Arch&Lit: InterArtsDialogue(s) Espen Lunde Nielsen

PART 1:

‘What speaks to us, seemingly, is always the big event, the untoward, the extra-ordinary: the front-page splash, the banner headlines [...] The daily papers talk of everything except the daily [...] We sleep through our lives in a dreamless sleep. But where is our life? Where is our body? Where is our space?’

Perec, Georges. “Approaches to What.” Species of Spaces and Other Pieces. Trans. John Sturrock. London, England; New York, N.Y., USA: Penguin Books, 1997. 209–11. Print.

The Infraordinary

Georges Perec first coined the term ‘infraordinary’ in his seminal essay ‘Approached to What?’ published in Cause de Commune, 1973. It is easily understood as the opposite of the extraordinary: the banal, the quotidian, the obvious, the background noise, the habitual.
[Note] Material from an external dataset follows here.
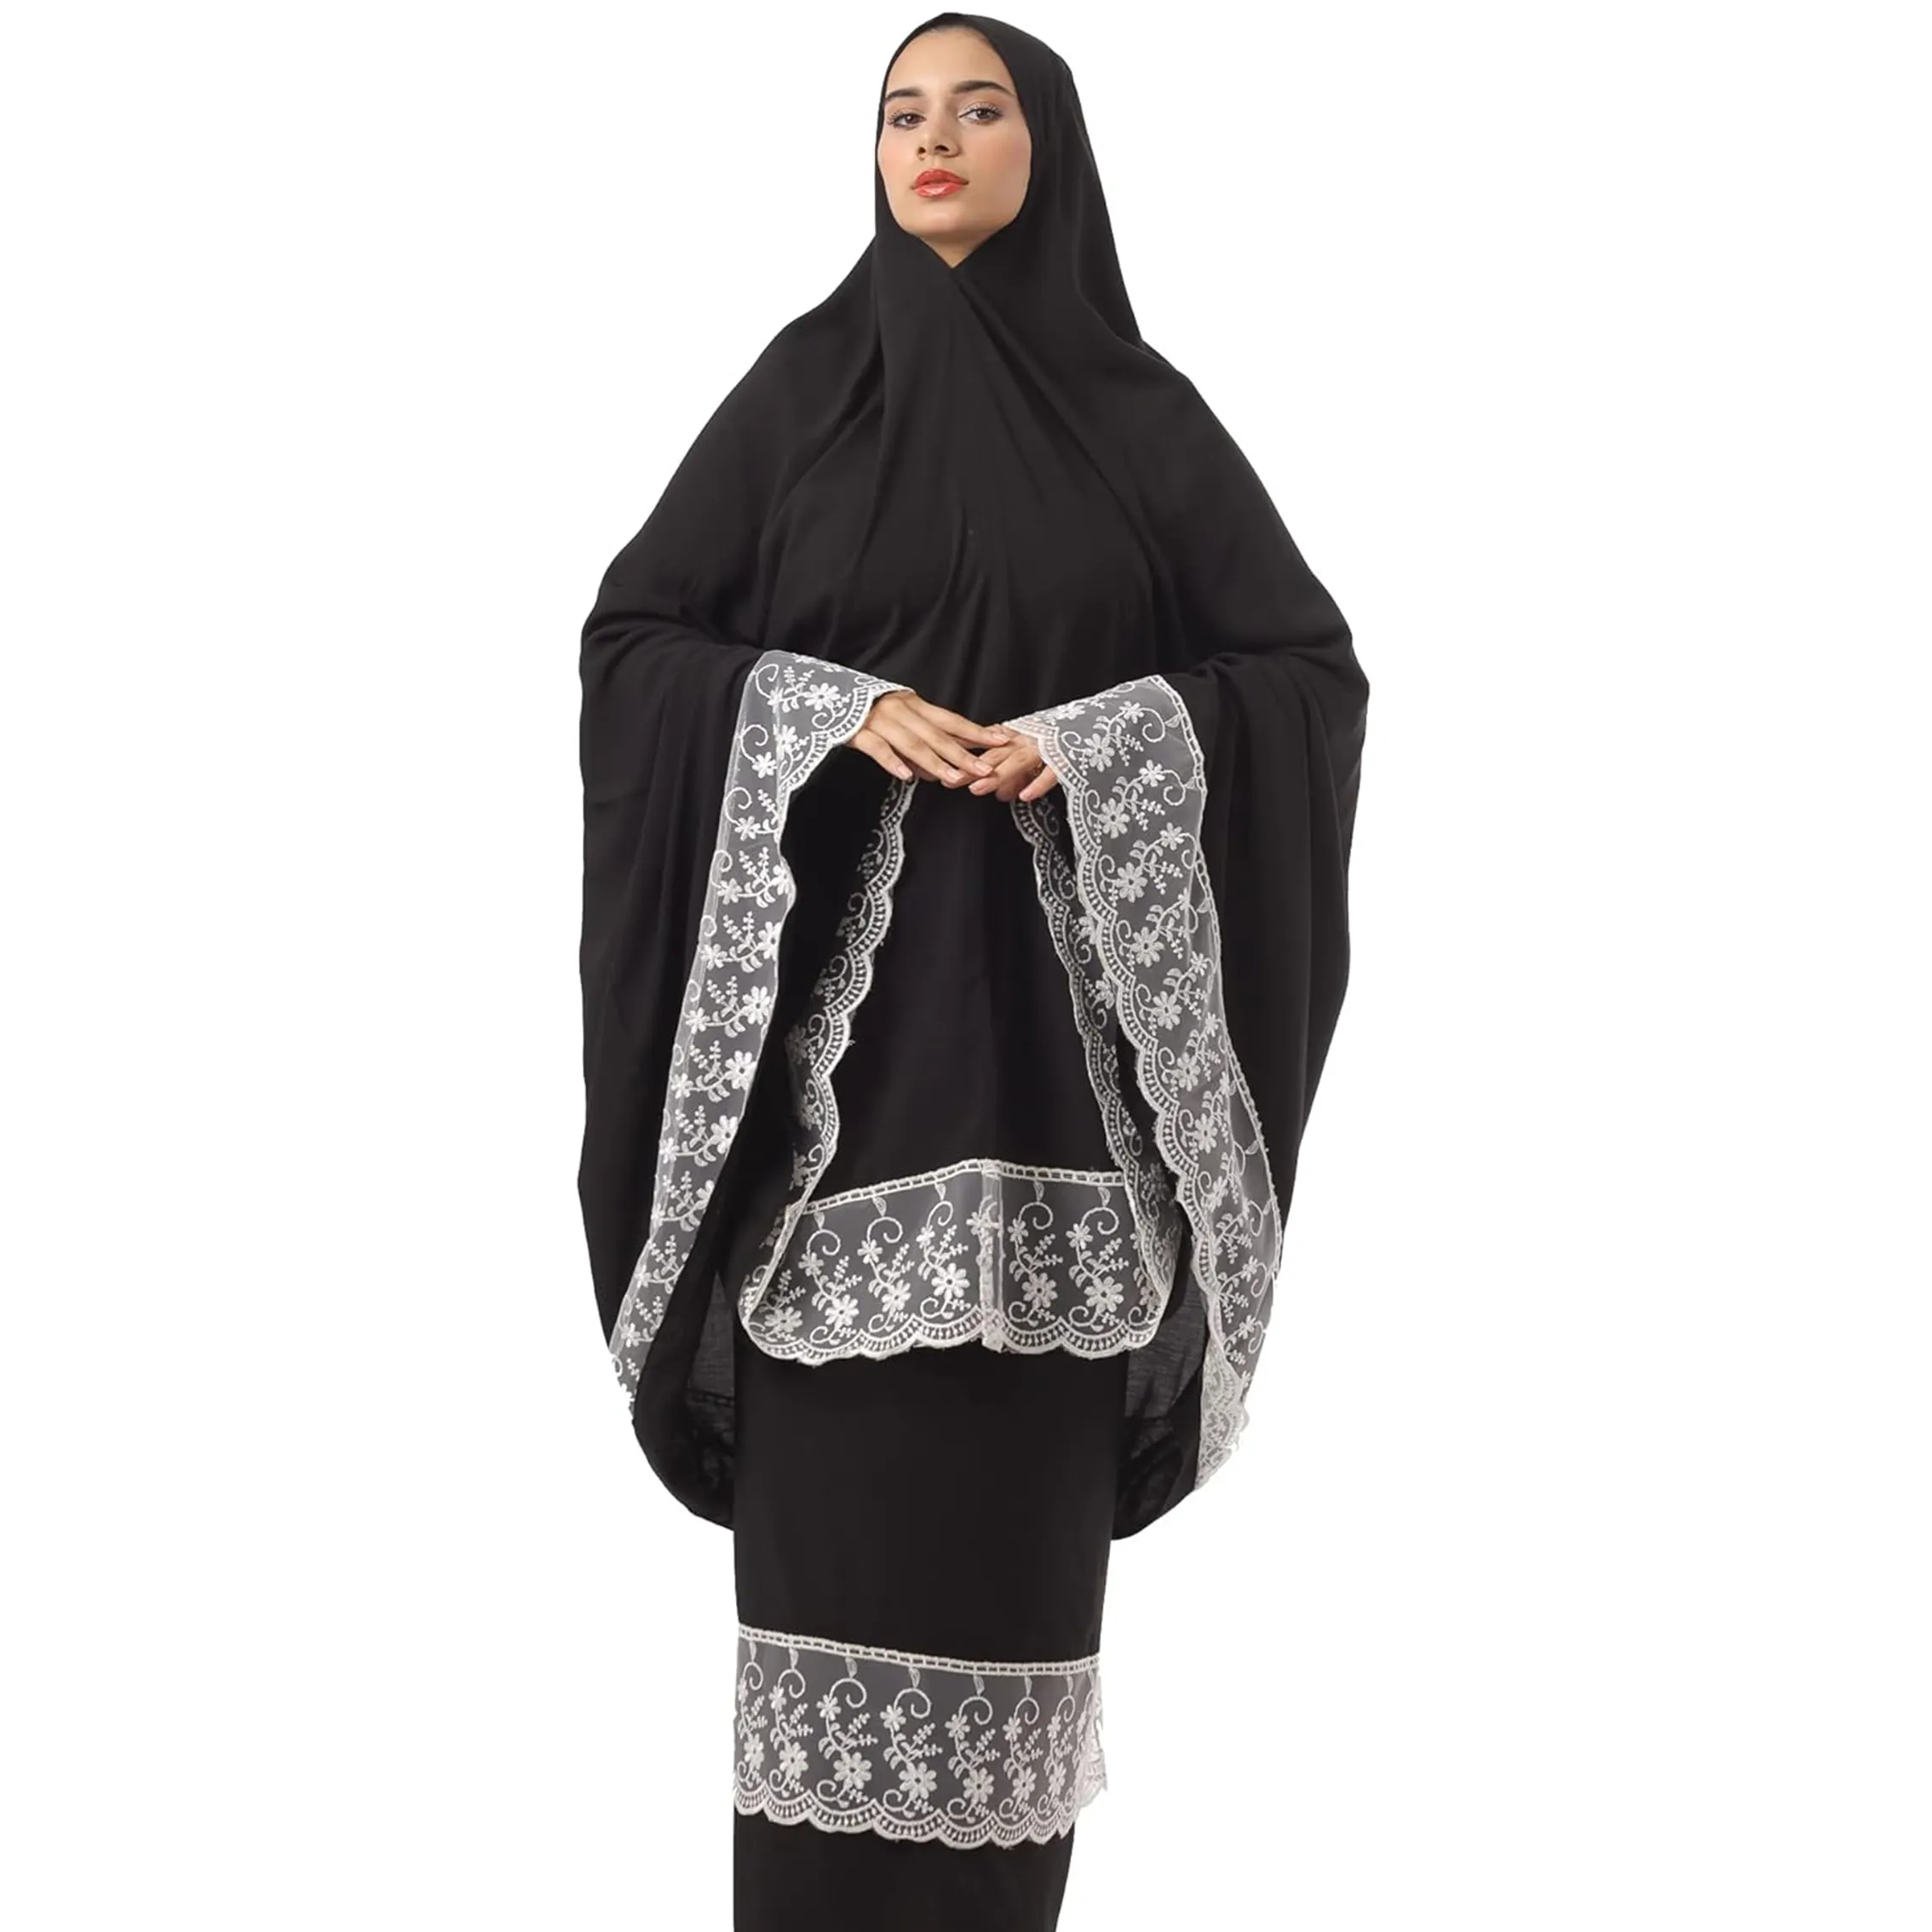 Abito musulmano in due pezzi 3076 per la preghiera islamica-comodo ed elegante abito da preghiera nero abaya dubai Hijab

Perec had a key interest in the spatial structures and objects that facilitate our daily existence, but worn half-invisible by use. These are the invariables of the everyday and therefore become invisible1.

In an urban perspective, the infraordinary could also be understood as the unregarded spaces and functions of kiosks, tabacs, dry cleaners, laundrettes, bodegas, diners, delis, etc. standing in contrast to the more spectacular and extraordinary dimension of the city, often favored by architects, planners, politicians and decision makers. These infraordinary spaces have a function apart from their practical one, being places of social coexistence and informal interaction between people, through events in real-time and depositions over time. They are coauthored by their occupants rather that a product conceived solely by its architect(s).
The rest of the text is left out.